Santa Teresita del Niño Jesús vivió una profunda solidaridad con los incrédulos, una actitud sorprendente en su tiempo y de gran actualidad para el nuestro. En una época marcada por el auge del anticlericalismo y los inicios del ateísmo militante, Teresa fue testigo de ataques a la fe y del cierre de conventos. Mientras muchos creyentes respondían con desprecio y condena hacia los impíos, Teresa optó por la compasión y la oración.
Desde joven manifestó una ternura especial por los pecadores. Cuando todos clamaban por la ejecución del criminal Pranzini, ella oró por su conversión y lo consideró “su primer hijo”. Cuando el célebre padre Jacinto Loyson abandonó la Iglesia, Teresa ofreció su última comunión por él, al que seguía llamando “mi hermano”. Y cuando el engaño de Leo Taxil (que ridiculizó una fotografía de la santa de Lisieux es una conferencia) escandalizó a los católicos franceses, ella prefirió “sentarse a la mesa de los pecadores” antes que condenarlos.
Esta solidaridad no fue solo afectiva, sino mística. Dios permitió que Teresa experimentara desde dentro la noche oscura de la fe, la oscuridad espiritual que viven las almas sin creer. A partir del Viernes Santo de 1896, junto a los síntomas de su tuberculosis, comenzó también su prueba interior: la ausencia de todo consuelo espiritual, la sensación de un cielo cerrado y de un muro que se alzaba entre su alma y Dios. Sin embargo, lejos de desesperar, Teresa acogió esta oscuridad como una misión: compartir el pan del dolor con los incrédulos, interceder por ellos y permanecer a su lado hasta que la luz de la fe vuelva a brillar.
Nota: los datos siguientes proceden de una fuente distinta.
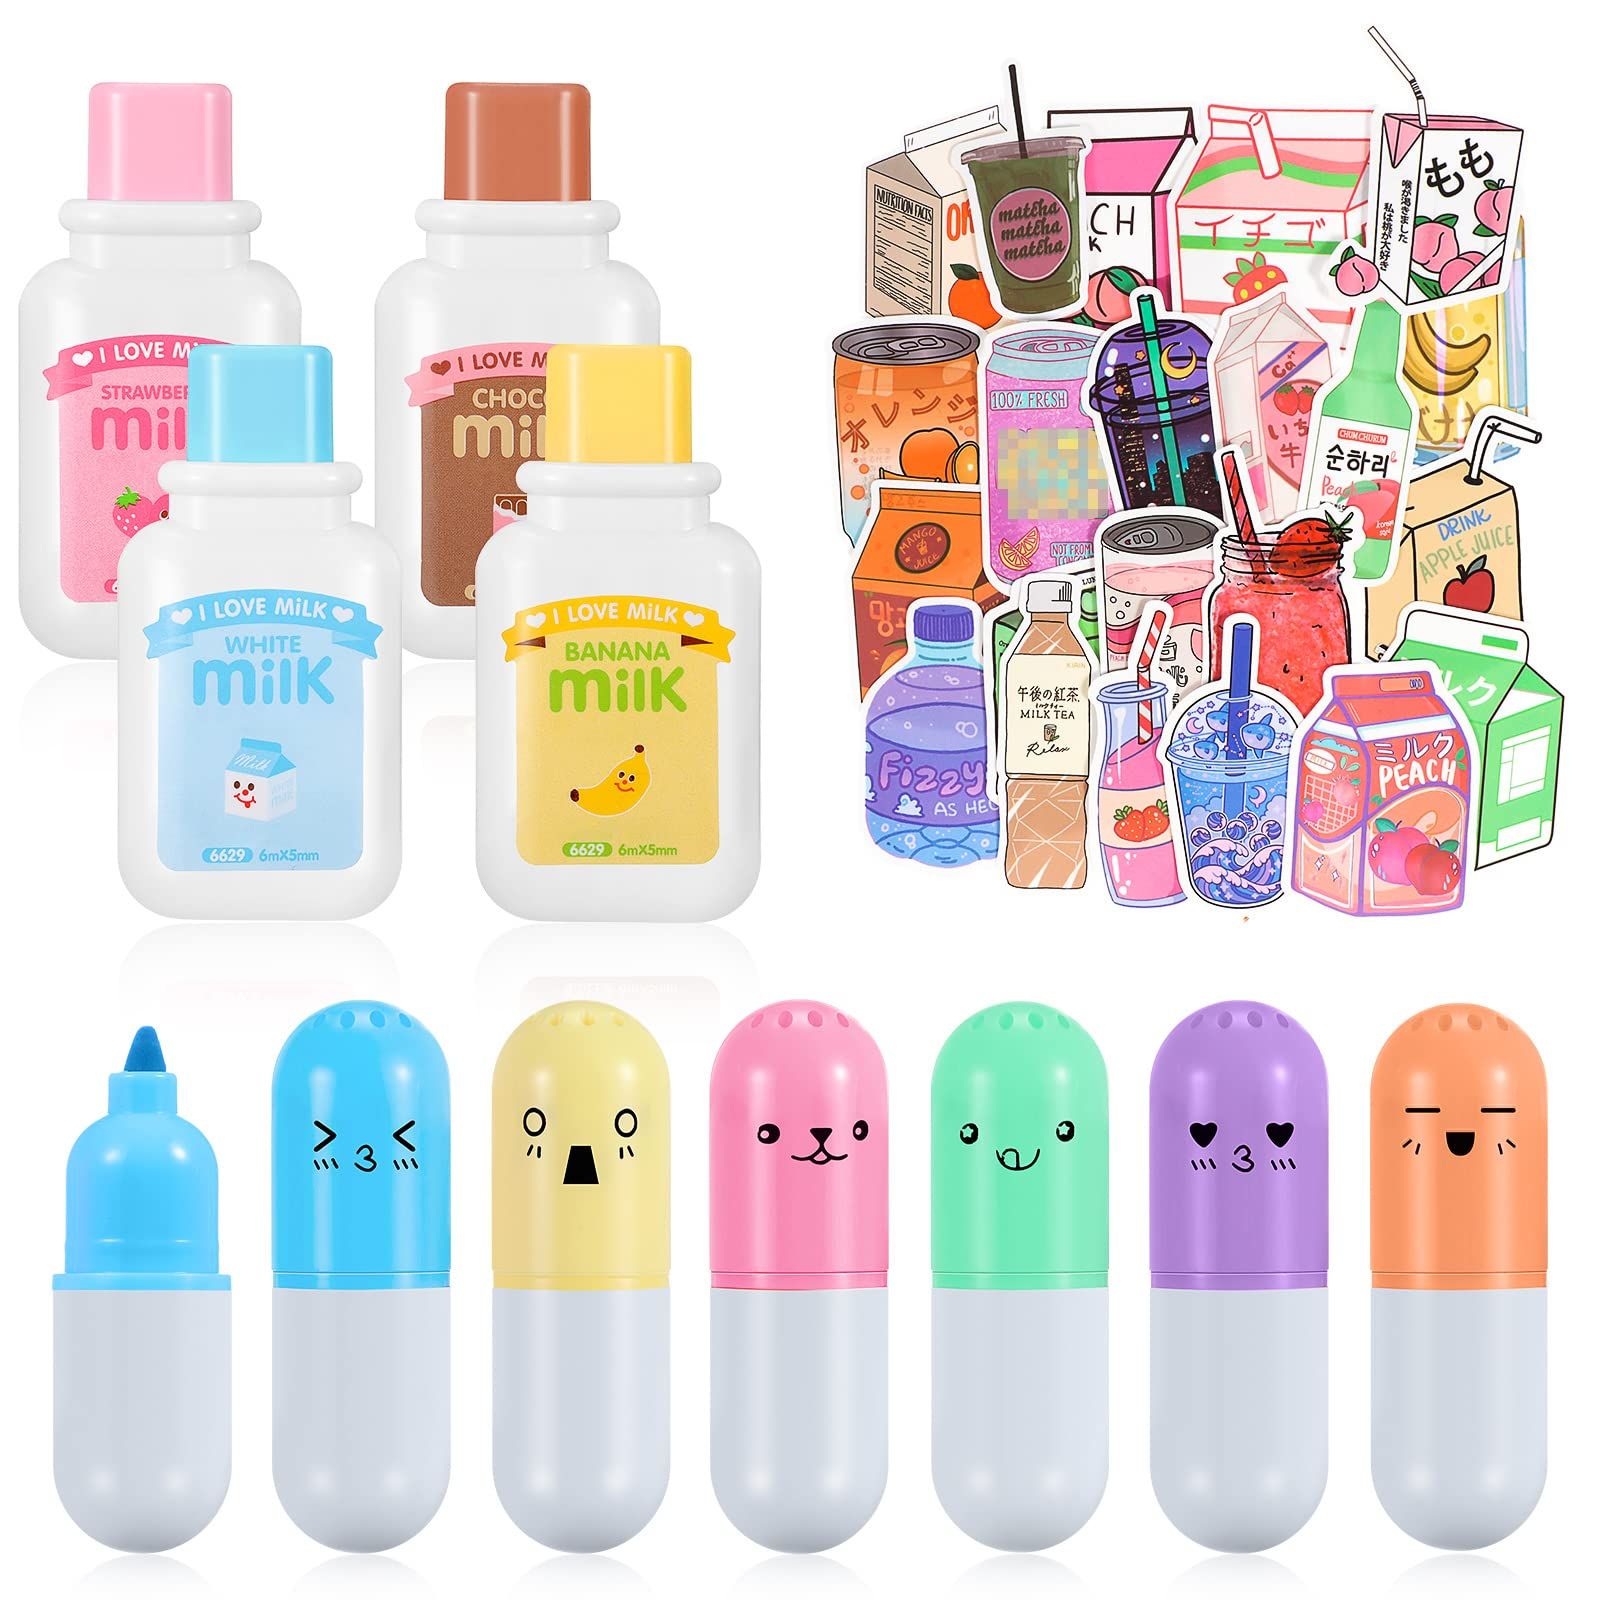 60 Pieces Cute Stationary Set Milk Bottle Correction Tape Aesthetic Pill Shaped Highlighter Pens Kaw | Amazon (US)

En esta noche del espíritu, que san Juan de la Cruz había descrito como antesala del matrimonio espiritual, Teresa no duda de la existencia de Dios, pero sufre la pérdida del gozo de creer y la imposibilidad de sentir la esperanza del cielo. Es una prueba de amor puro: sigue confiando y amando a Dios sin ningún consuelo, como Cristo en la cruz. “Tu hija no quiere levantarse de esta mesa llena de amargura —escribe— hasta que todos los que no han sido iluminados por la antorcha luminosa de la fe la vean brillar”.
Su experiencia no se limita al conocimiento teórico de la incredulidad, sino que se convierte en participación real. Teresa ora en nombre de todos los que dudan, diciendo: “Ten piedad de nosotros, Señor”. Ya no distingue entre creyentes e incrédulos: se siente solidaria con la humanidad entera, herida por la ausencia de Dios.
Su fe, probada en la oscuridad, se hace heroica. En medio de las tentaciones renueva su credo, llega a escribirlo con su sangre y afirma: “He hecho más actos de fe en un año que en toda mi vida”. Su última palabra resume toda su existencia: “¡Dios mío, te amo!”. Así, Teresa se convierte en hermana de los ateos, intercesora de los que no creen y testigo luminoso de una fe que ama incluso en la noche.
Resumen del capítulo 22 de mi libro Eduardo Sanz de Miguel, Santa Teresa de Lisieux, vida y mensaje. Editorial Monte Carmelo, Burgos 2017. ISBN 978-84-8353-839-5 (páginas 133-138).